Captive Depth

In *Captive Depth*, Manuel Calderón constructs an illusion of infinite depth using a system of parallel mirrors, where the drawing emerges this time as something vivid and material. On sheets of glass painted black, the artist scratches the surface using the technique of sgraffito, carving into the opaque layer to let light pass through. The line does not add—it subtracts: the image appears where the darkness has been wounded, allowing light to pass, revealing the form, and multiplying within the box.

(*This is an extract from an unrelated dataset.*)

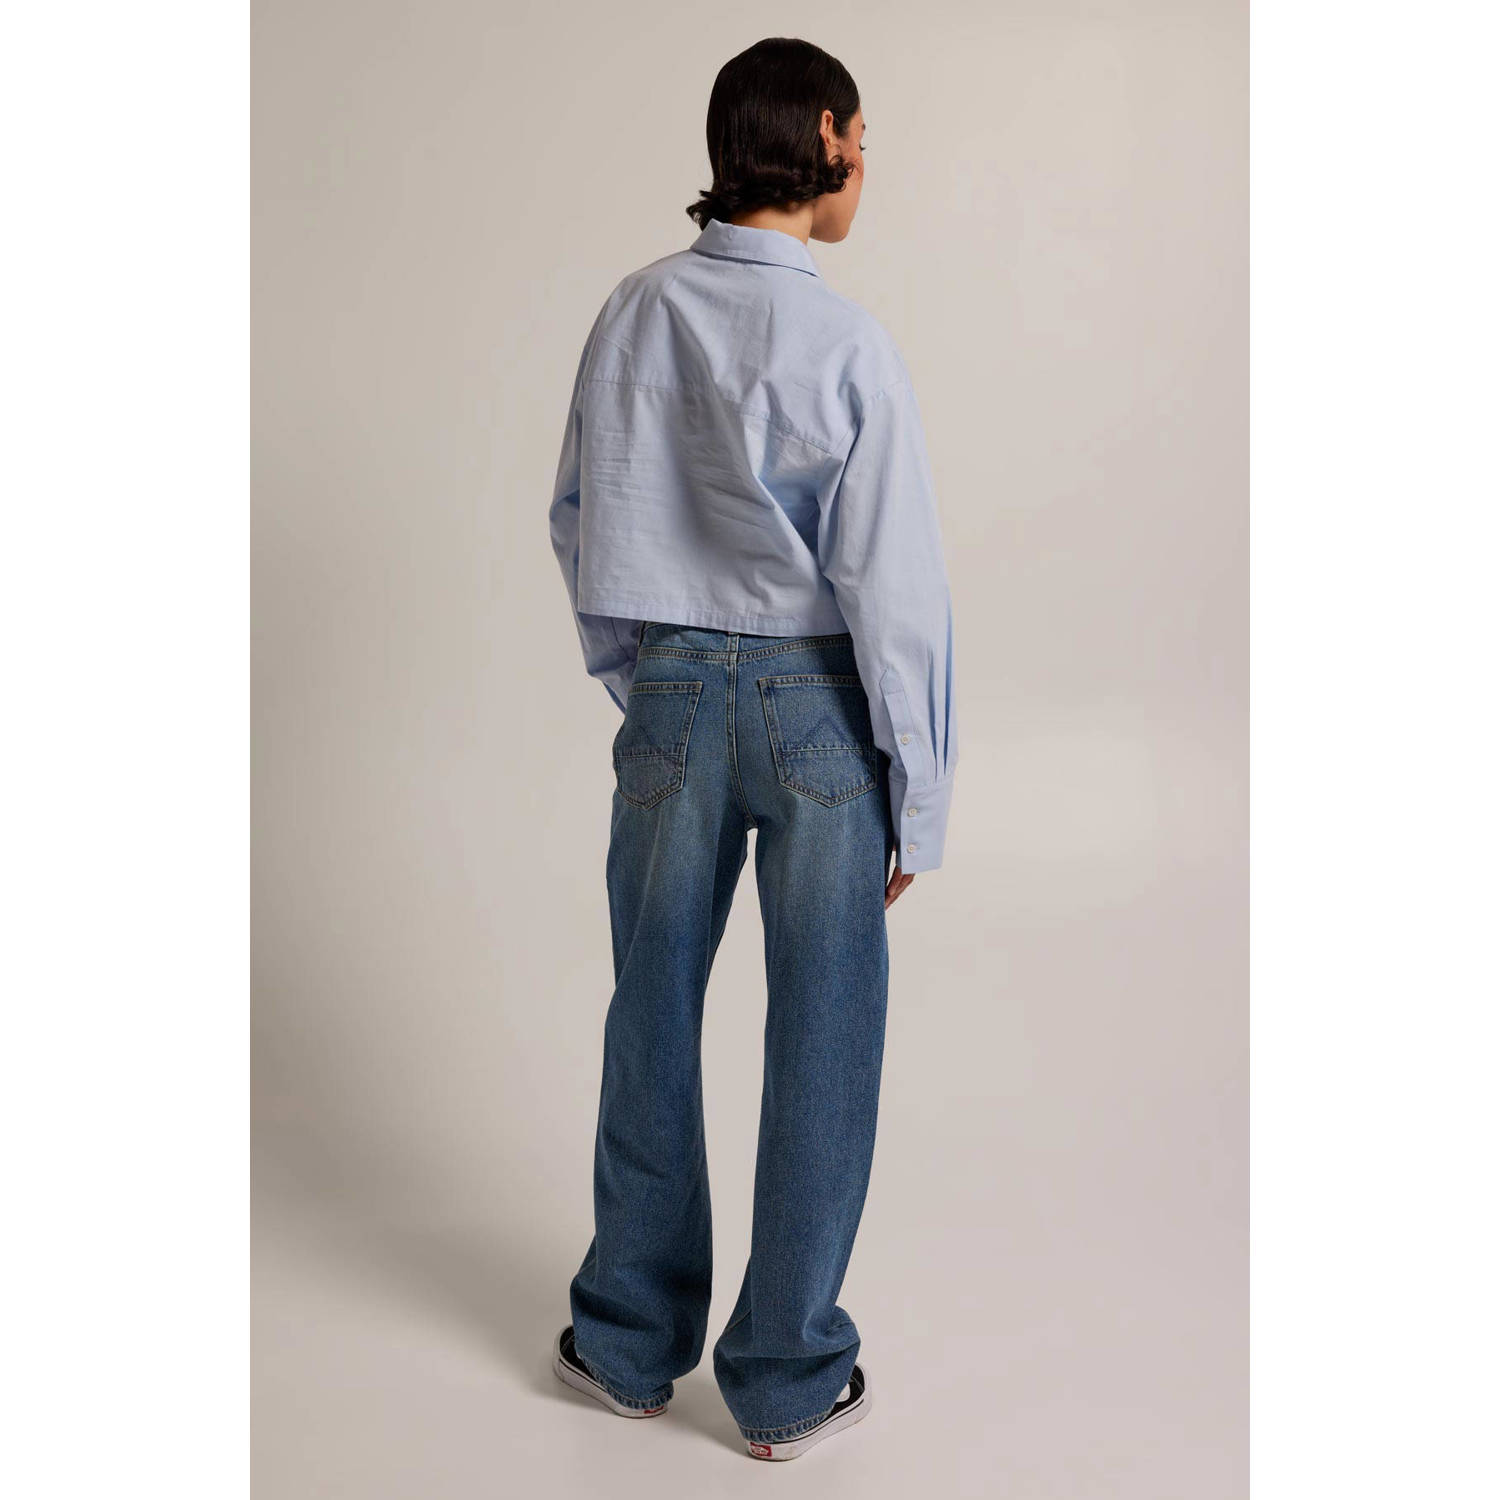 America Today high waist straight jeans Irvine dark blue denim

The drawings depict wire meshes: repetitive geometric patterns that evoke fences, barriers, enclosures, and borders—structures designed to contain, divide, exclude. Among them, a single circular shape stands out: a concertina wire. This spiral of blades, used in contexts of imprisonment and defense, becomes a violent symbol: a curved form designed to exclude. But within this device, the luminous repetition transforms the wire into ornament; the blade into a delicate trace. As if the amplified reflection not only distorted its original meaning, but revealed the ambiguity between threat and beauty, between shadow and radiance.

Light passes through these contained forms, but it is never released. What seems like an opening into depth is, in fact, its capture. Geometry, once the language of the divine, becomes here an instrument of control. The mirrored reflections create an illusory depth, a space that appears to expand but is closed in on itself. The image projects toward distance but remains imprisoned within the device.

*Captive Depth* becomes, then, a meditation on the notion of limit: visual, symbolic, and political. Light draws structures designed to interrupt passage. What glows in the background is not horizon or possibility. It is the endless echo of a geometry built to contain.